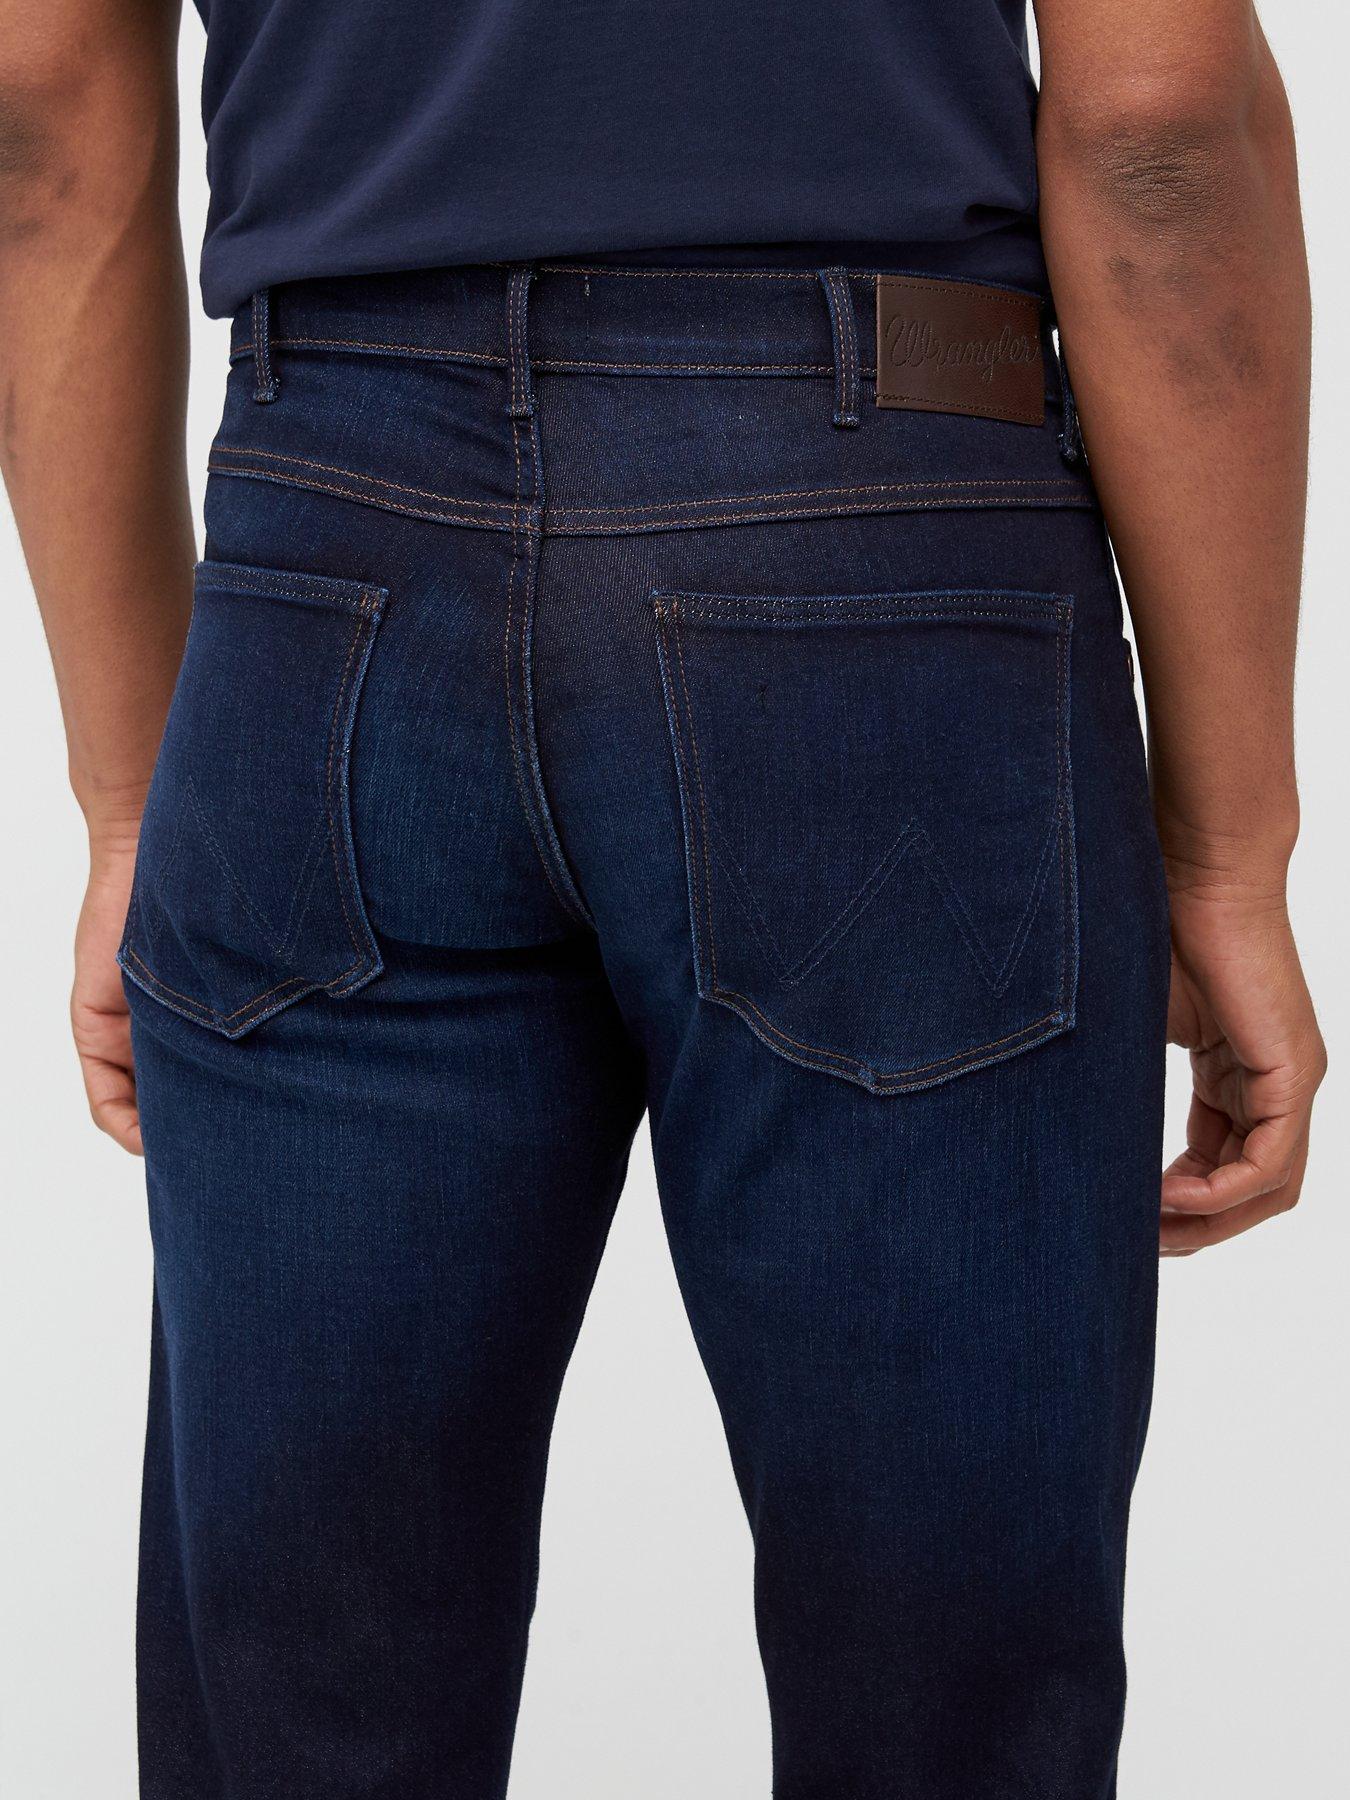 wrangler arizona soft luxe jeans
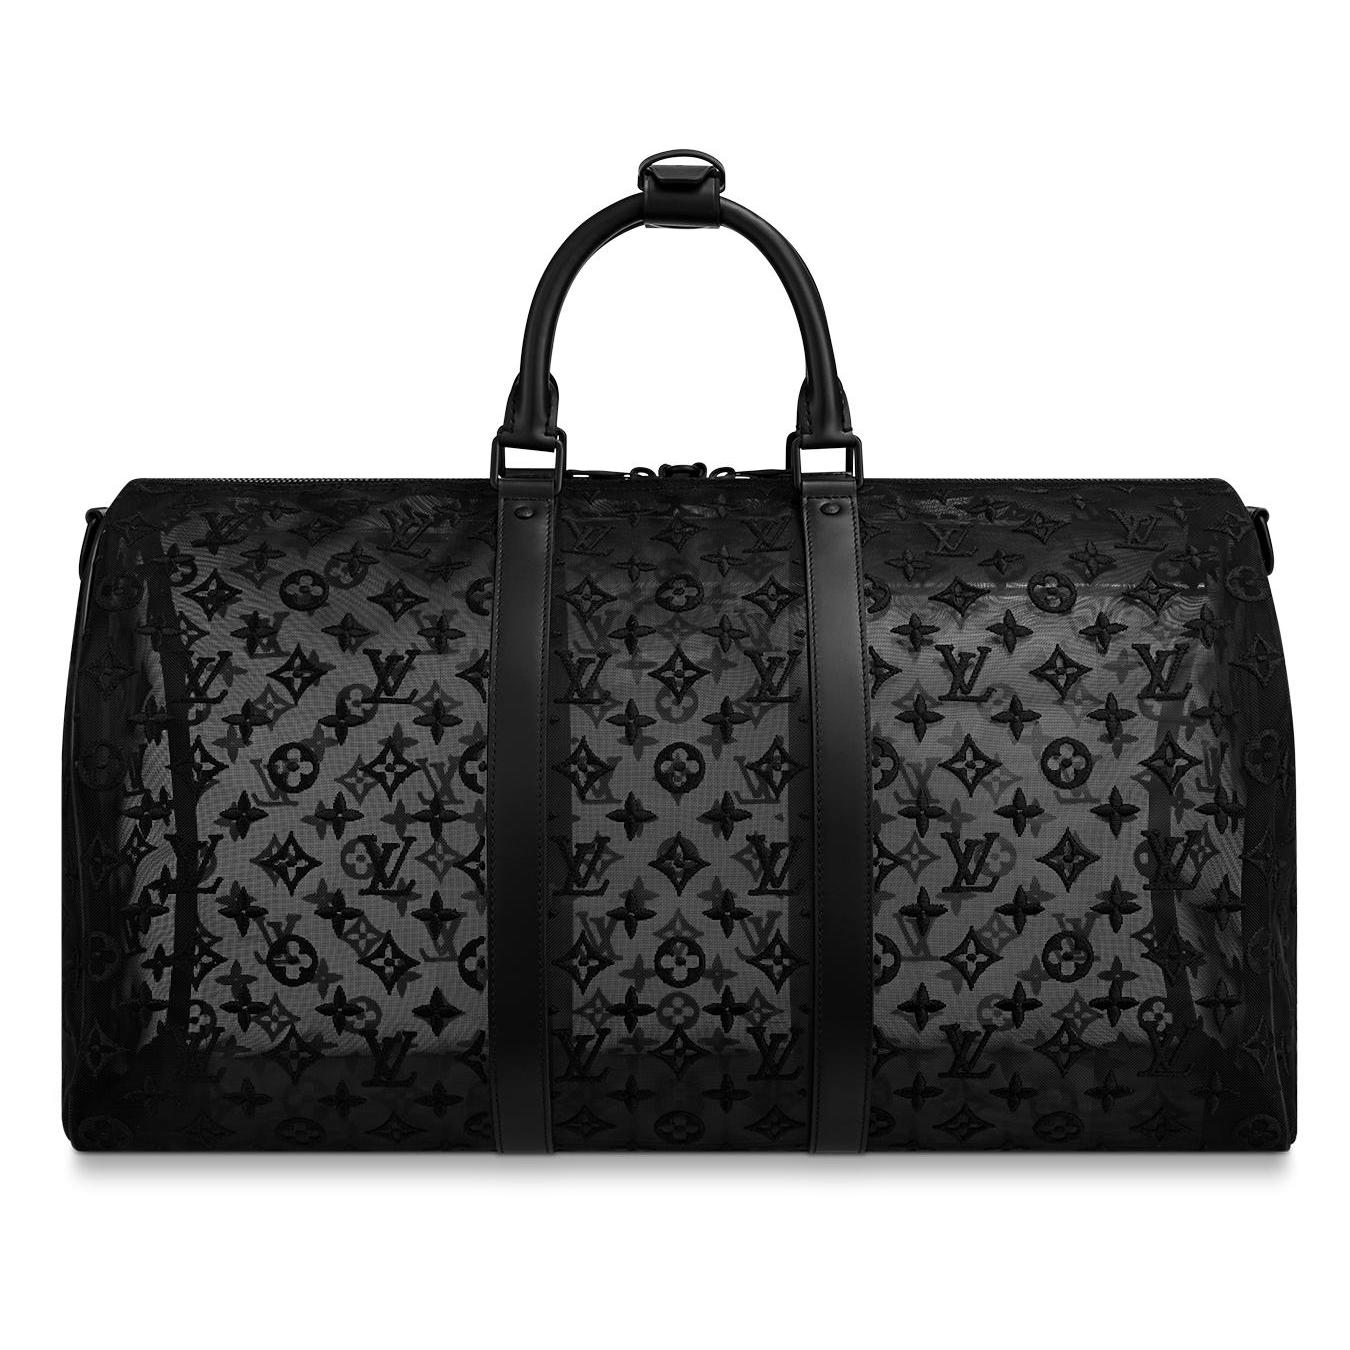 Louis Vuitton See Through Baggage Fees
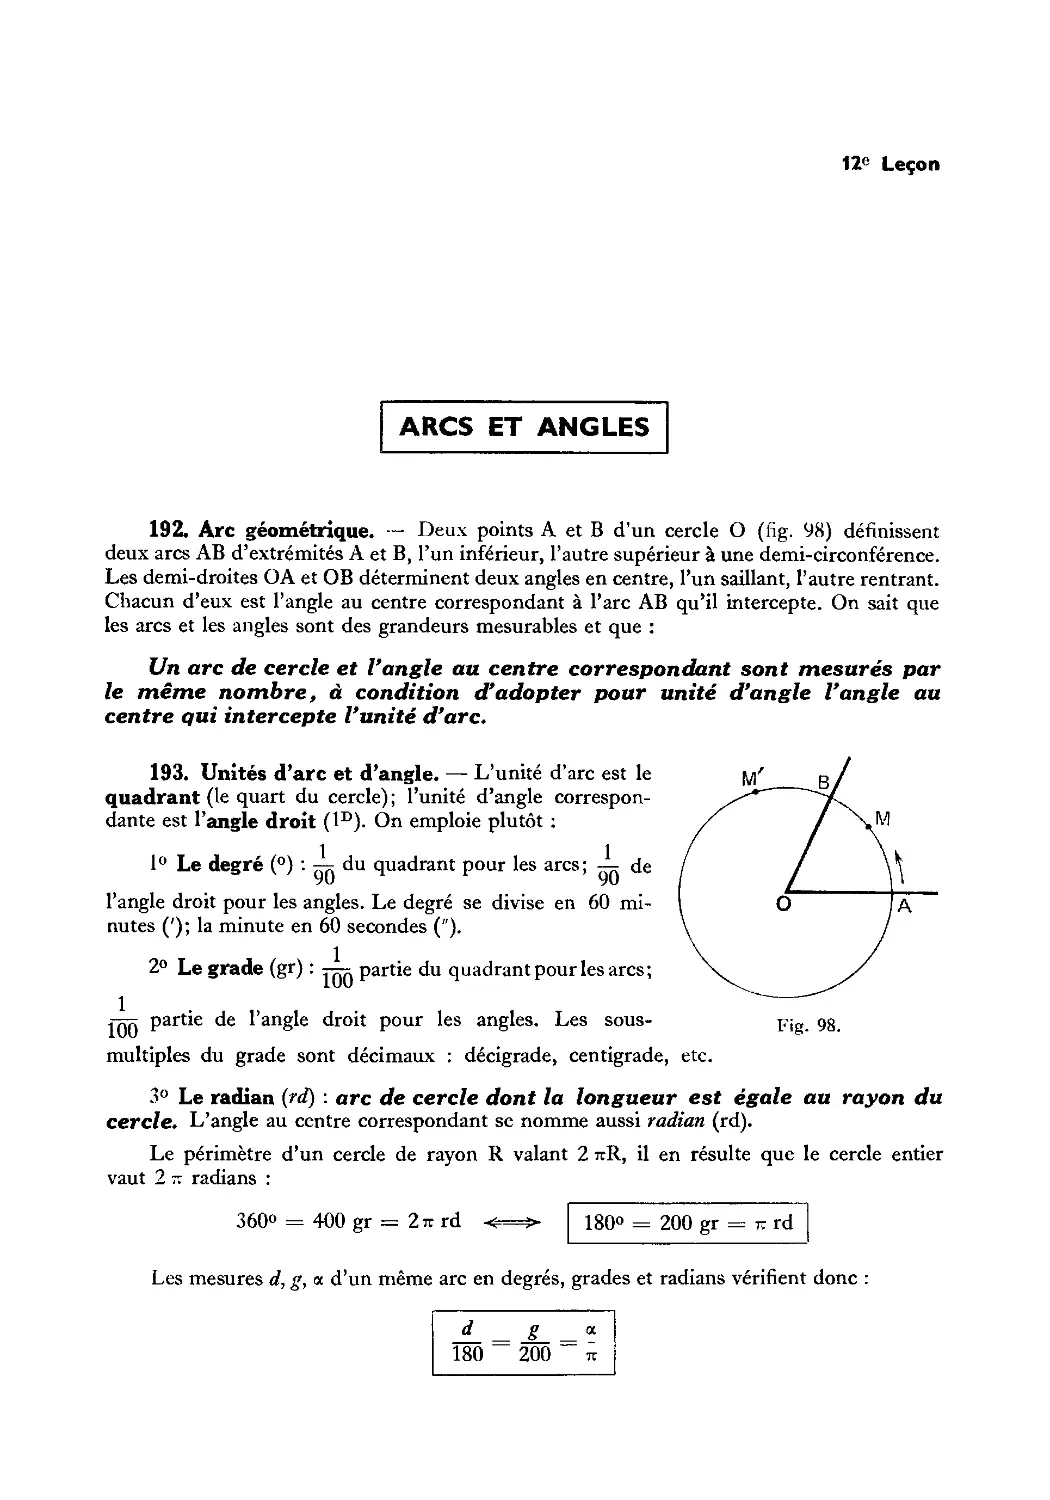 Leçon 12 — Arcs et angles
193. Unités d’arc et d’angle

-- -- --

• WHAT THE EXERCISE ASKS: A faithful copy of all the data above, without its pictures, is the expected result.

• YOUR RESPONSE:
 wrangler arizona soft luxe jeans
 Louis Vuitton See Through Baggage Fees
 Leçon 12 — Arcs et angles
193. Unités d’arc et d’angle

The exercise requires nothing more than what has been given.